My father, a wise and grave man, gave me serious and excellent counsel against what he foresaw was my design. He called me one morning into his chamber, where he was confined by the gout, and expostulated very warmly with me upon this subject. He asked me what reasons, more than a mere wandering inclination, I had for leaving father’s house and my native country, where I might be well introduced, and had a prospect of raising my fortune by application and industry, with a life of ease and pleasure. He told me it was men of desperate fortunes on one hand, or of aspiring, superior fortunes on the other, who went abroad upon adventures, to rise by enterprise, and make themselves famous in undertakings of a nature out of the common road; that these things were all either too far above me or too far below me; that mine was the middle state, or what might be called the upper station of low life, which he had found, by long experience, was the best state in the world, the most suited to human happiness, not exposed to the miseries and hardships, the labour and sufferings of the mechanic part of mankind, and not embarrassed with the pride, luxury, ambition, and envy of the upper part of mankind….

After this he pressed me earnestly, and in the most affectionate manner, not to play the young man, nor to precipitate myself into miseries which nature, and the station of life I was born in, seemed to have provided against; that I was under no necessity of seeking my bread; that he would do well for me, and endeavour to enter me fairly into the station of life which he had just been recommending to me; and that if I was not very easy and happy in the world, it must be my mere fate or fault that must hinder it; and that he should have nothing to answer for, having thus discharged his duty in warning me against measures which he knew would be to my hurt; in a word, that as he would do very kind things for me if I would stay and settle at home as he directed, so he would not have so much hand in my misfortunes as to give me any encouragement to go away… and though he said he would not cease to pray for me, yet he would venture to say to me, that if I did take this foolish step, God would not bless me, and I should have leisure hereafter to reflect upon having neglected his counsel when there might be none to assist in my recovery…

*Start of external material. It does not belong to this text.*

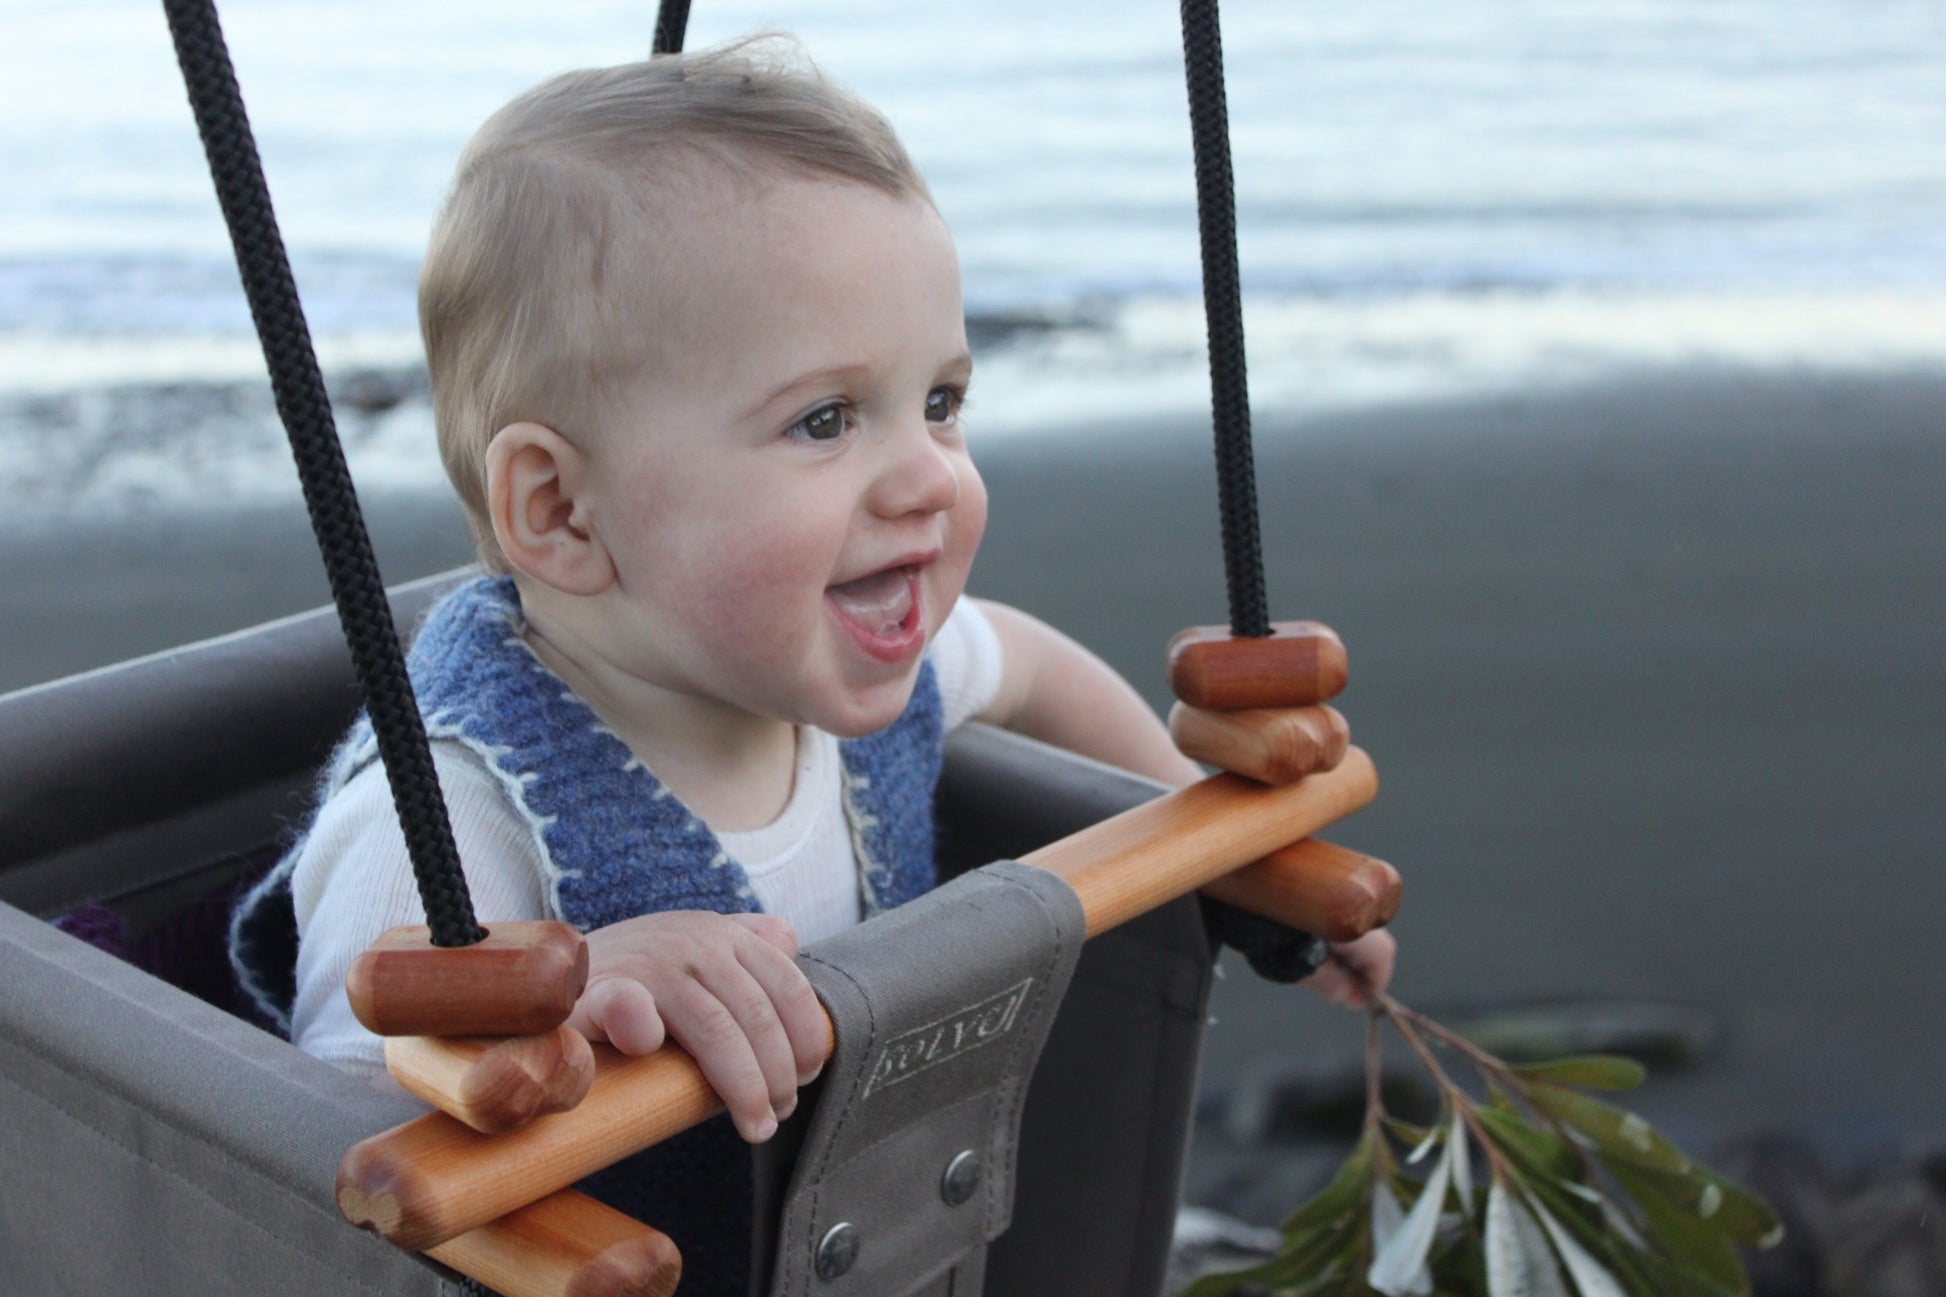 2in1 kids swings, safe sensory baby swing indoors made from fabric and wood

I observed the tears run down his face very plentifully… he was so moved that he broke off the discourse, and told me his heart was so full he could say no more to me…

I resolved not to think of going abroad any more, but to settle at home according to my father’s desire. But alas! a few days wore it all off; and, in short, to prevent any of my father’s further importunities, in a few weeks after I resolved to run quite away from him…

It was not till almost a year after this that I broke loose, though, in the meantime, I continued obstinately deaf to all proposals of settling to business, and frequently expostulated with my father and mother about their being so positively determined against what they knew my inclinations prompted me to. But being one day at Hull, where I went casually, and without any purpose of making an elopement at that time; but, I say, being there, and one of my companions being about to sail to London in his father’s ship, and prompting me to go with them with the common allurement of seafaring men, that it should cost me nothing for my passage, I consulted neither father nor mother any more, nor so much as sent them word of it; but leaving them to hear of it as they might, without asking God’s blessing or my father’s, without any consideration of circumstances or consequences, and in an ill hour, God knows, on the 1st of September 1651, I went on board a ship bound for London.

I didn’t know I didn’t fit in or anything like that. I just couldn’t stay put in the face of everything. Defoe nailed it.